Duty of the Duskwalkers
In the first age, Kiiri herself walked to meet every soul as it slipped from the mortal world. But as the years passed, the dead outnumbered the living, and the Eternal Forest could not be left unguarded. Worse still, the path between realms grew crowded, and some souls strayed into the dark — lost between breath and silence, never reaching the embrace that awaited them. Kiiri grieved these vanishings, and Leje grieved with her.
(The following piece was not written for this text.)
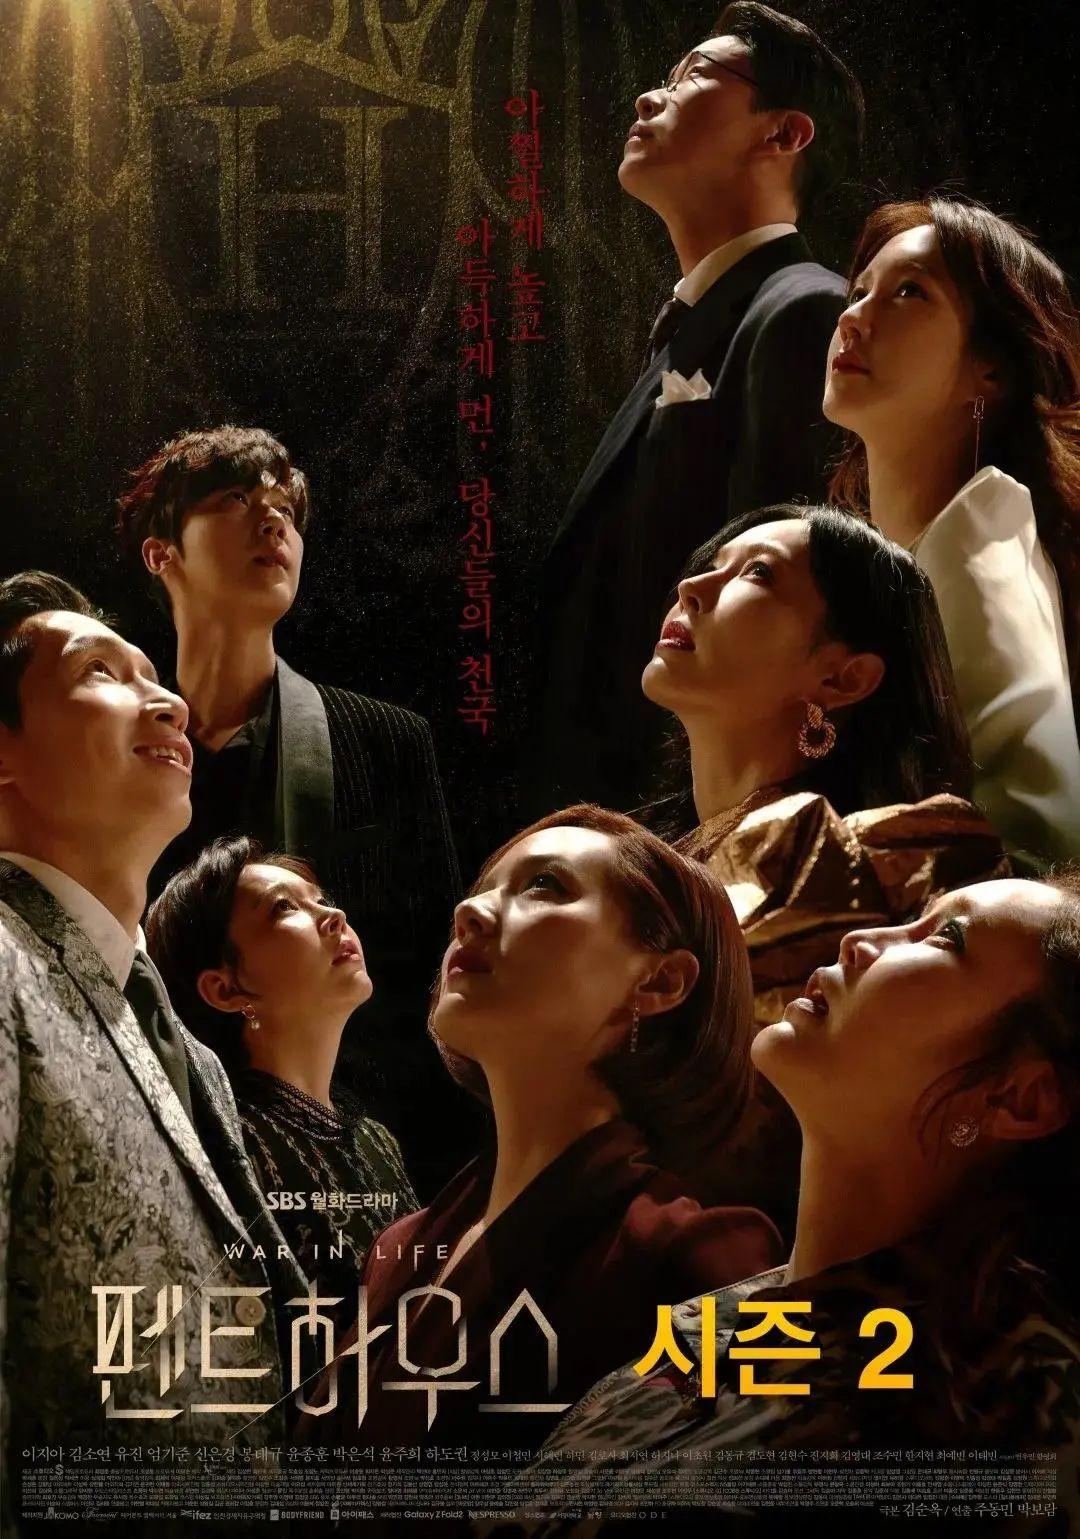 2021[韩国/剧情][顶楼 第二季/The Penthouse : War in life 2]第二季全集 百度云高清下载图片 第1张

So the Gods of Life shaped a gift: from the memory of Kiiri’s form, they guided life to bloom in her likeness. Thus came the Duskwalkers — flowing-maned, elegant-tailed, their eyes soft as twilight — charged as servants of the Ferrier. They walk the dusk of mortality, neither fully living nor dead, carrying the weight of a duty too great for one goddess alone. Now it is said that when a mortal’s time is spent, a Duskwalker appears at the edge of their sight — a shadow with patient eyes and a step as gentle as dimming daylight. To follow it is to find the Eternal Forest, and to enter Kiiri’s embrace without fear, guided home to the Ferrier of All Who Were.